Marianne Pearl é uma budista francesa, casada com um judeu americano. Talvez por nunca ter falado apenas uma língua, acredita no diálogo. Acredita que a comunicação é o caminho a seguir, que conhecimento é poder. Se pararmos de ouvir o outro, perdemos a esperança. Quando o seu marido foi capturado e morto, estava grávida de cinco meses e não se podia dar ao luxo de perder essa esperança. Nem deixar que a raiva a dominasse. Marianne Pearl recusou ver a sua Humanidade “amputada”. Ela sabia que o sofrimento é uma palavra da linguagem comum, que entre os bons e os maus há toda uma paisagem indefinida Sabia que a dor dela era igual a tantas outras dores Paquistanesas, que situações como a que vivia eram fruto da ignorância e da miséria – ignorância na recusa de tentar perceber o que nos é desconhecido, sabendo que esse entendimento não nos torna cúmplices nem iguais, apenas mais ricos e apetrechados para lutar. Miséria, porque é essa a principal arma do terrorismo, que a usa como forma de obter aliados. Quando a população de países como o Paquistão tiver as suas necessidades básicas resolvidas, talvez seja mais difícil recrutar membros para as jihads. Manter o corpo prisioneiro para impedir o sustento do espírito é uma arma mais poderosa do que todas as bombas.
Marianne tinha a coragem de reconhecer o que tem em comum com quem mudou a sua vida de forma tão violenta, a coragem de não simplificar uma questão que desafia a explicação mais complexa. Sabia que a morte do seu marido não era culpa nem dos americanos nem dos muçulmanos, era consequência da surdez mundial. E os gritos de desespero que lhe saem das entranhas quando descobre que Daniel foi decapitado, quebram qualquer surdez crónica. São gritos que nos trespassam a pele e fazem eco. Um eco compulsivo e incontrolável. Porque se nos calarmos e simplesmente ouvirmos, nesse silêncio interior em que damos espaço ao outro para ecoar em nós, iremos perceber que falamos todos a mesma língua.

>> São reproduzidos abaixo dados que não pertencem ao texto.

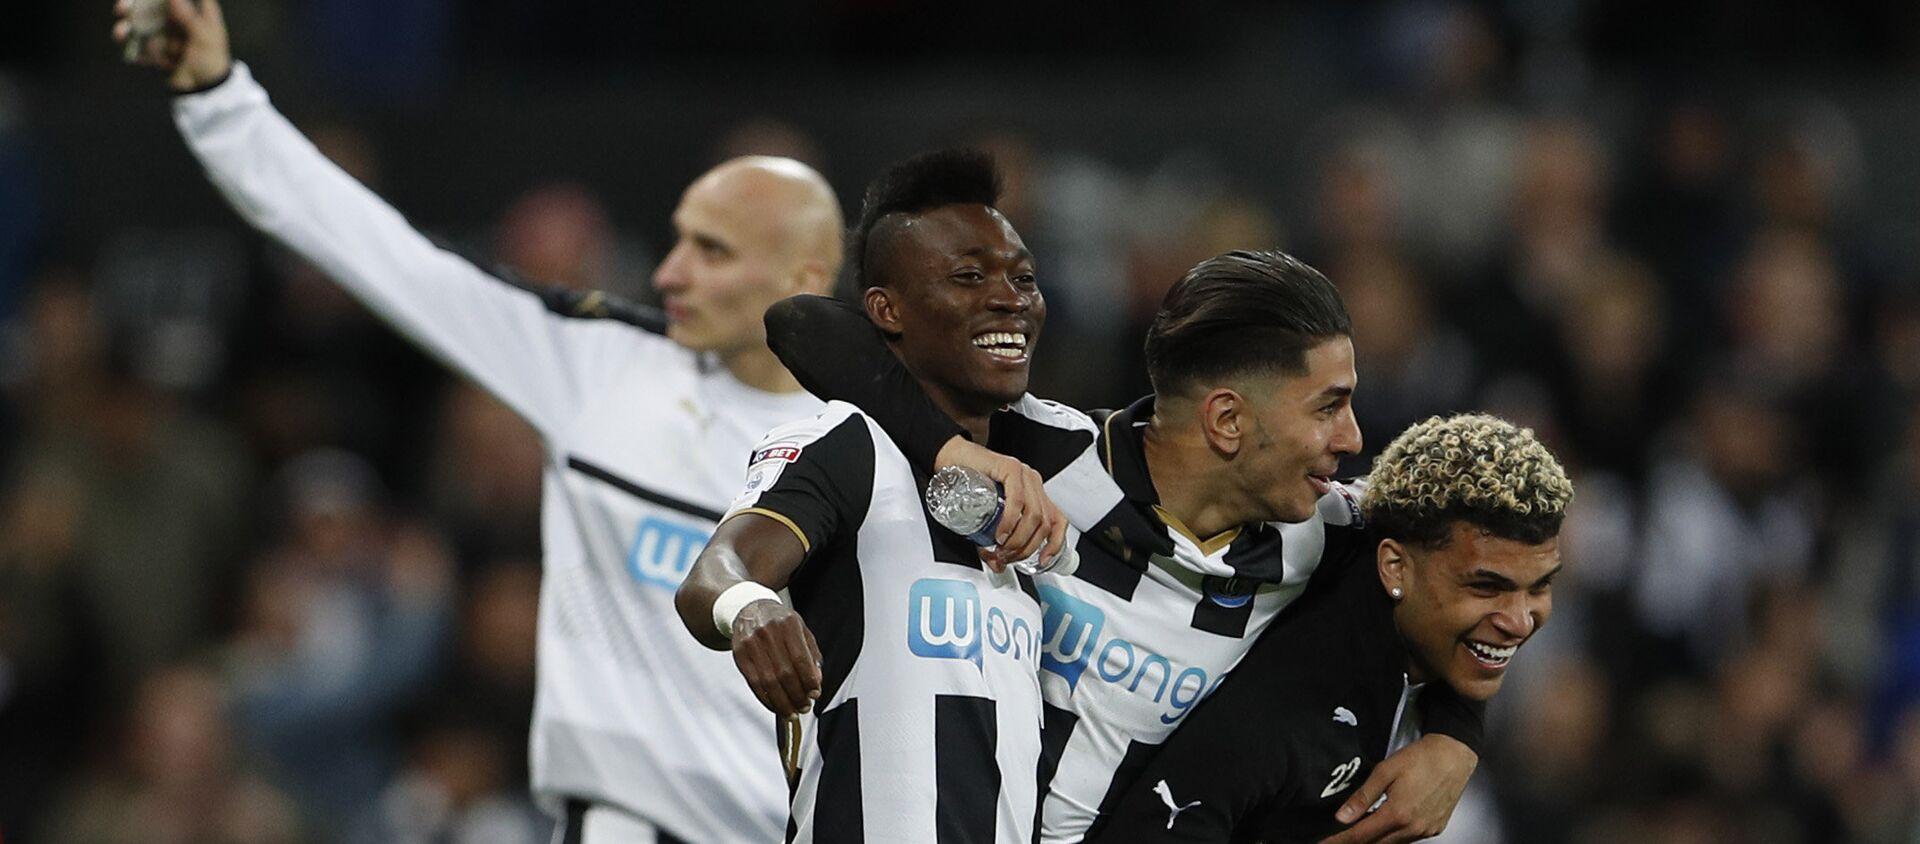 Newcastle United - Sputnik Türkiye, 1920, 24.04.2017

Daniel Pearl era jornalista do Wall Street Journal. Depois do 11 de Setembro, foi para o Paquistão cobrir a guerra no vizinho Afeganistão. Em vésperas de sair do país, foi raptado por um grupo extremista que reenvindicava melhores condições para os prisioneiros de Guantanamo Bay. A moeda de troca era a vida de Pearl : “Se melhorarem as condições desses prisioneiros, também nós melhoraremos as condições de cativeiro de Daniel Pearl". Algumas semanas depois de ter sido capturado, Pearl foi decapitado. Como seria de esperar (e até lógico) o governo norte-americano recusou-se a negociar – na balança estava a vida de um indivíduo e toda a filosofia de um país. É fácil perceber qual era o lado mais fraco. Nos meandros das grandes questões, as vítimas são sempre de carne e osso. E esta é uma história sobre o que cai nas fendas dessas questões, é uma história de humanidade vista pelos olhos de Marianne, a mulher de Daniel Pearl – também ela jornalista, também ela ali para contar uma história. E foi o que fez, se bem que a história que acabou por contar não tenha sido aquela que esperava.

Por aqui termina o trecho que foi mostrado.